• What the exercise asks: Return only what runs from the line containing "満足できる神話ファイバ【カロバイプラス公式】CALOBYE+ Perfect New" through the last line of the entries below, exactly, omitting pictures.

Records supplied: Begin

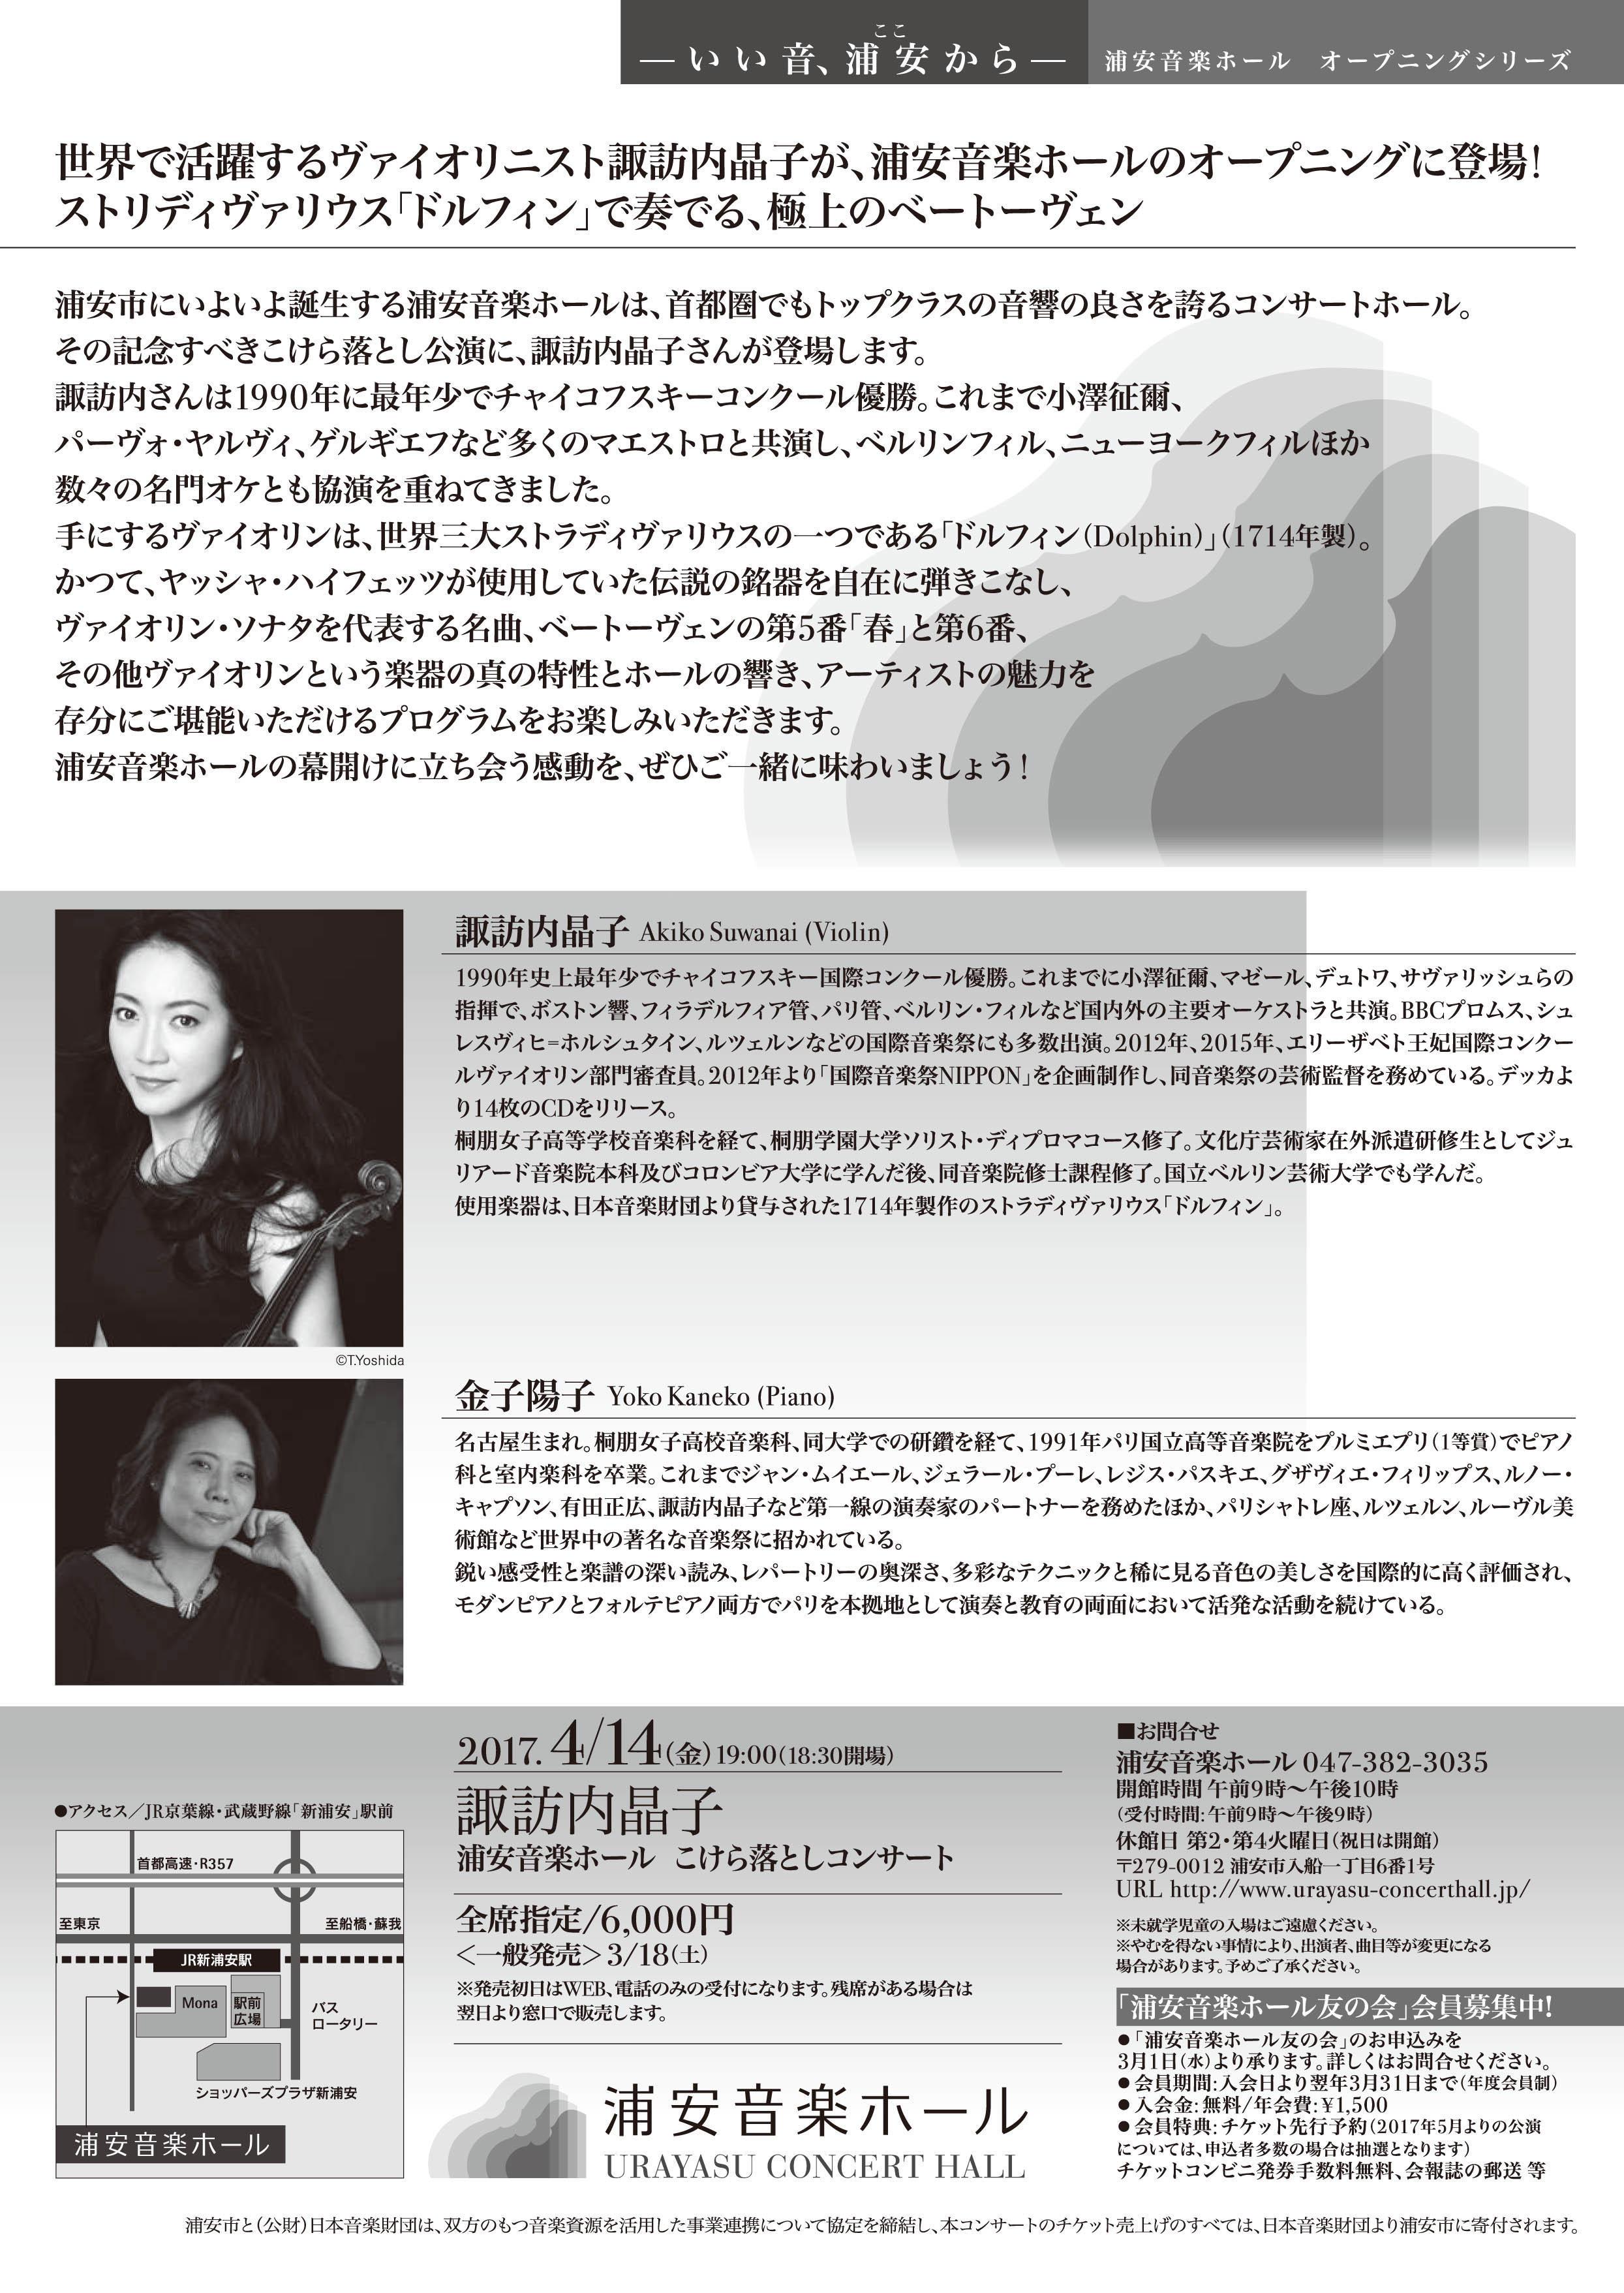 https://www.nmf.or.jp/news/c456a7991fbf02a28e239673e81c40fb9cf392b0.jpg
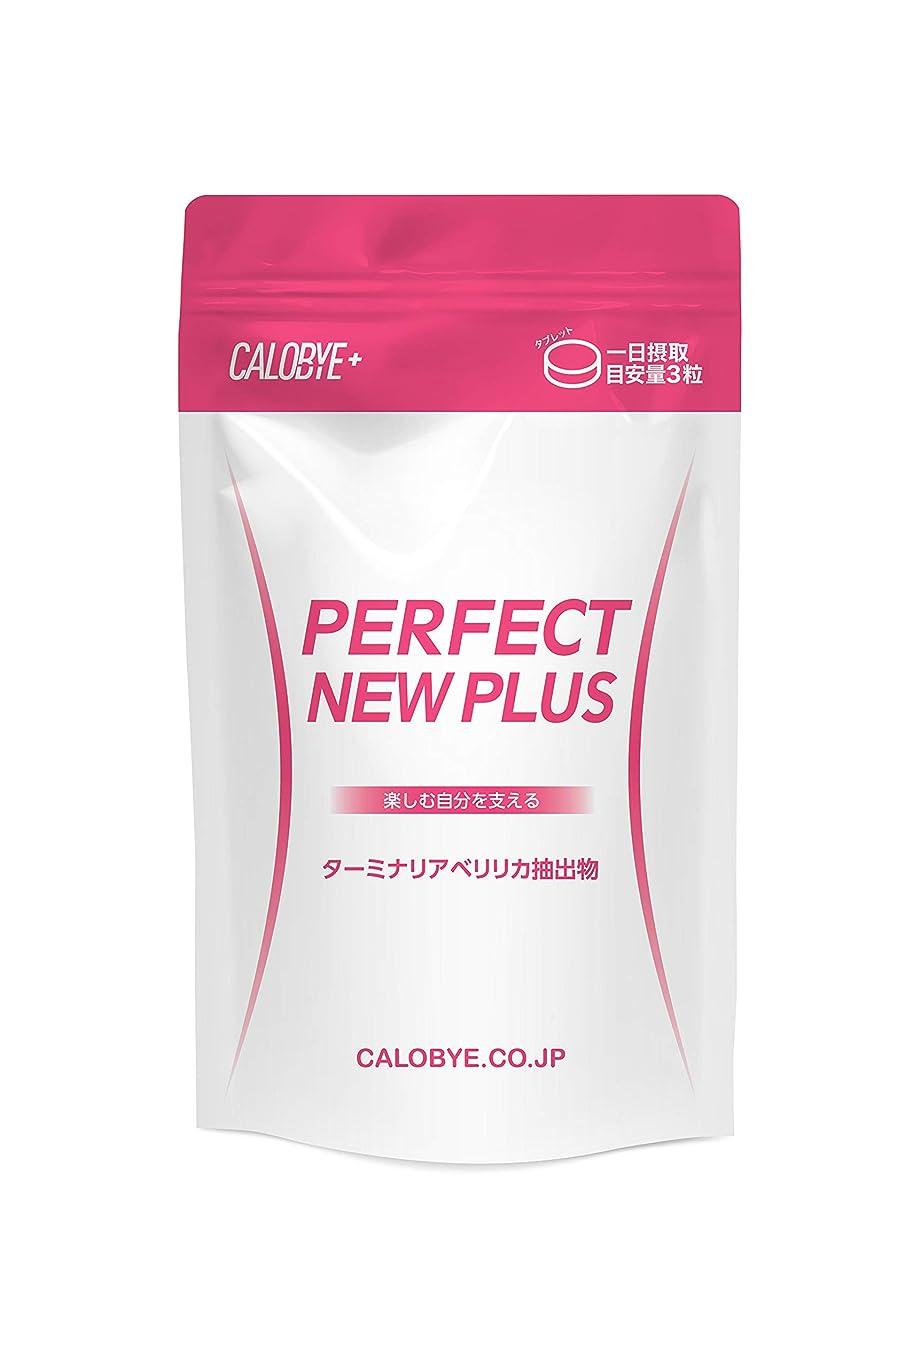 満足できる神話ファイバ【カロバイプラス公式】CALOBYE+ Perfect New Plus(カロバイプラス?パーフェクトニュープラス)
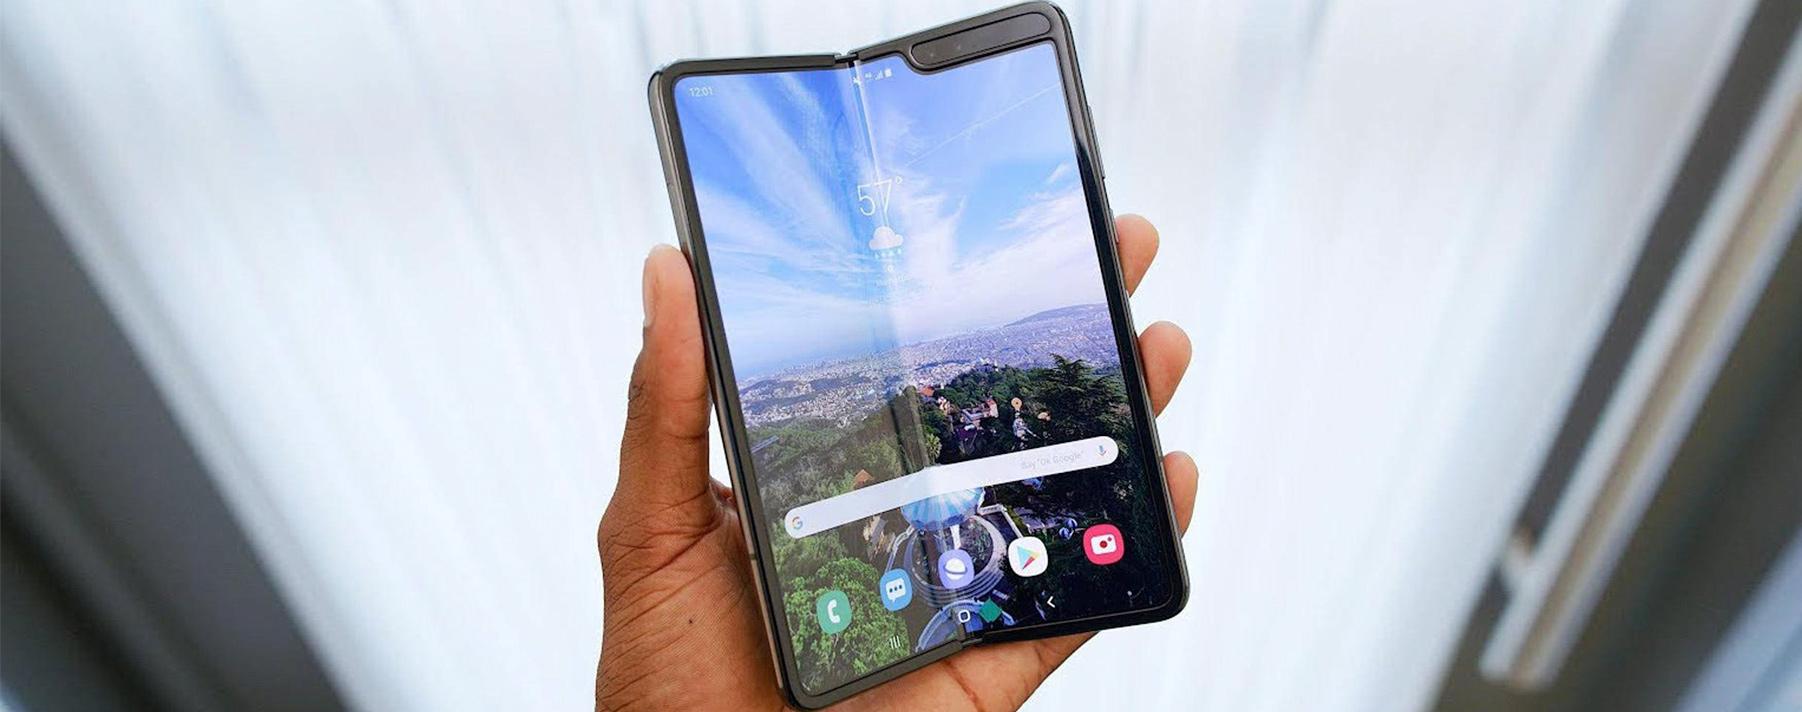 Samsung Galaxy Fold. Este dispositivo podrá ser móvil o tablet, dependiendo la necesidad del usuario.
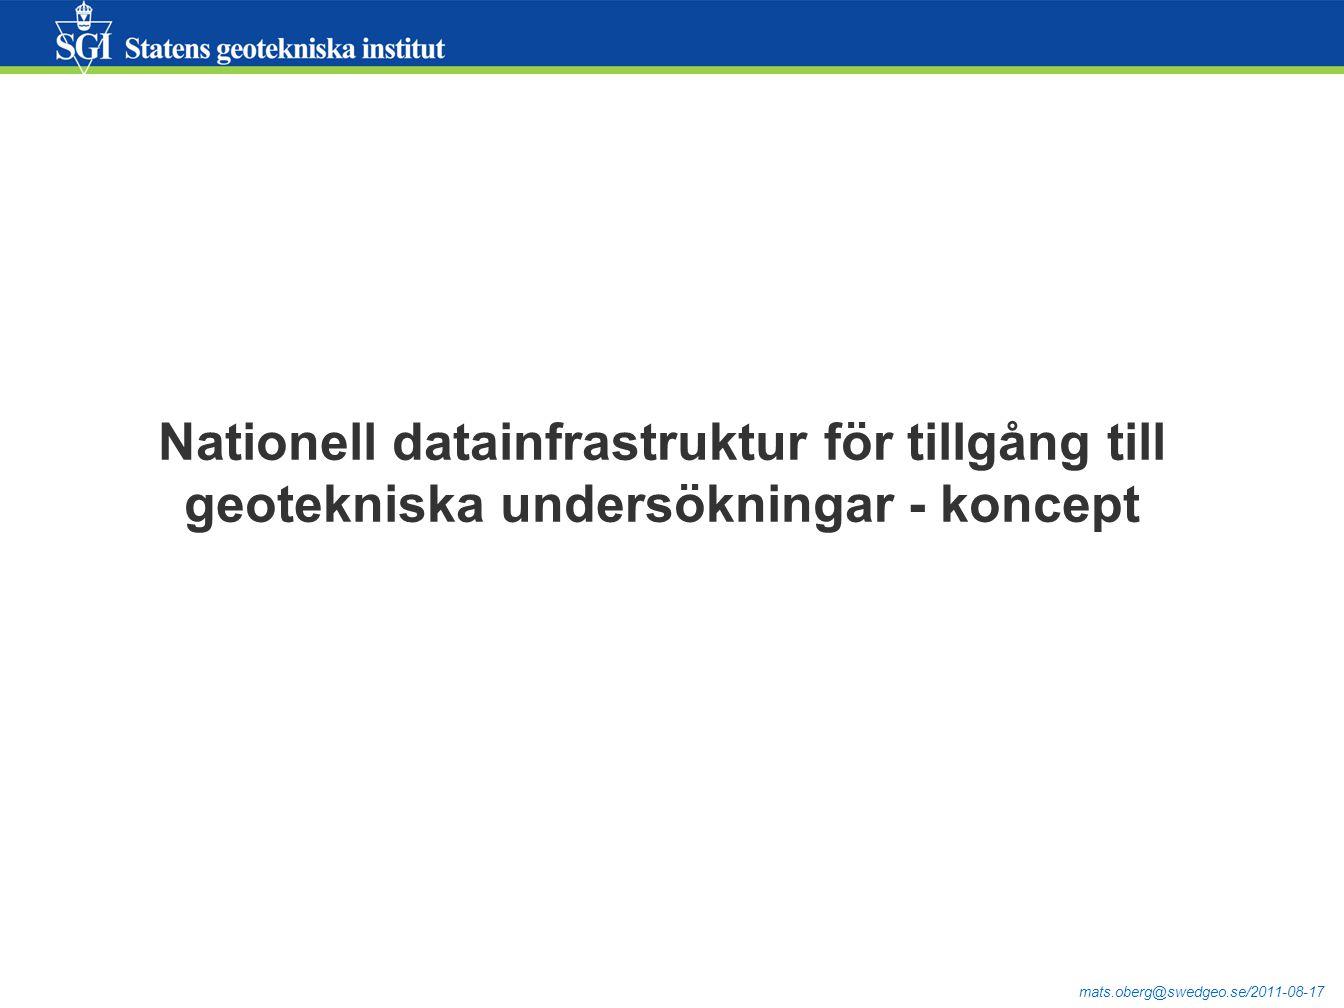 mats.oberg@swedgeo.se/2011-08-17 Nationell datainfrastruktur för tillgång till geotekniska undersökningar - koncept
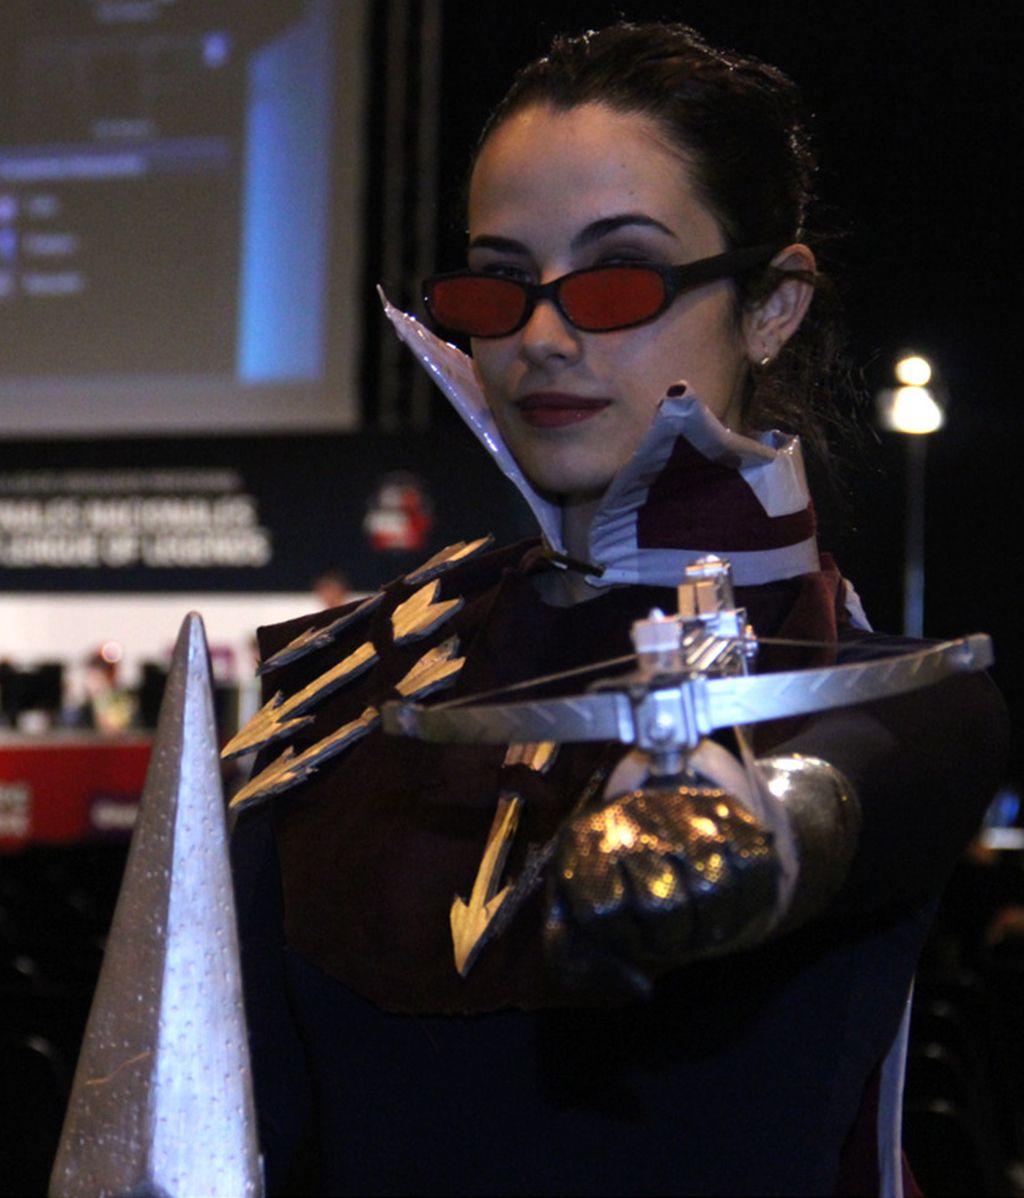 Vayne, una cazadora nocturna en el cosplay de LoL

Records supplied: End

• Task output:
 満足できる神話ファイバ【カロバイプラス公式】CALOBYE+ Perfect New Plus(カロバイプラス?パーフェクトニュープラス)
 Samsung Galaxy Fold. Este dispositivo podrá ser móvil o tablet, dependiendo la necesidad del usuario.
 mats.oberg@swedgeo.se/2011-08-17 Nationell datainfrastruktur för tillgång till geotekniska undersökningar - koncept
 Vayne, una cazadora nocturna en el cosplay de LoL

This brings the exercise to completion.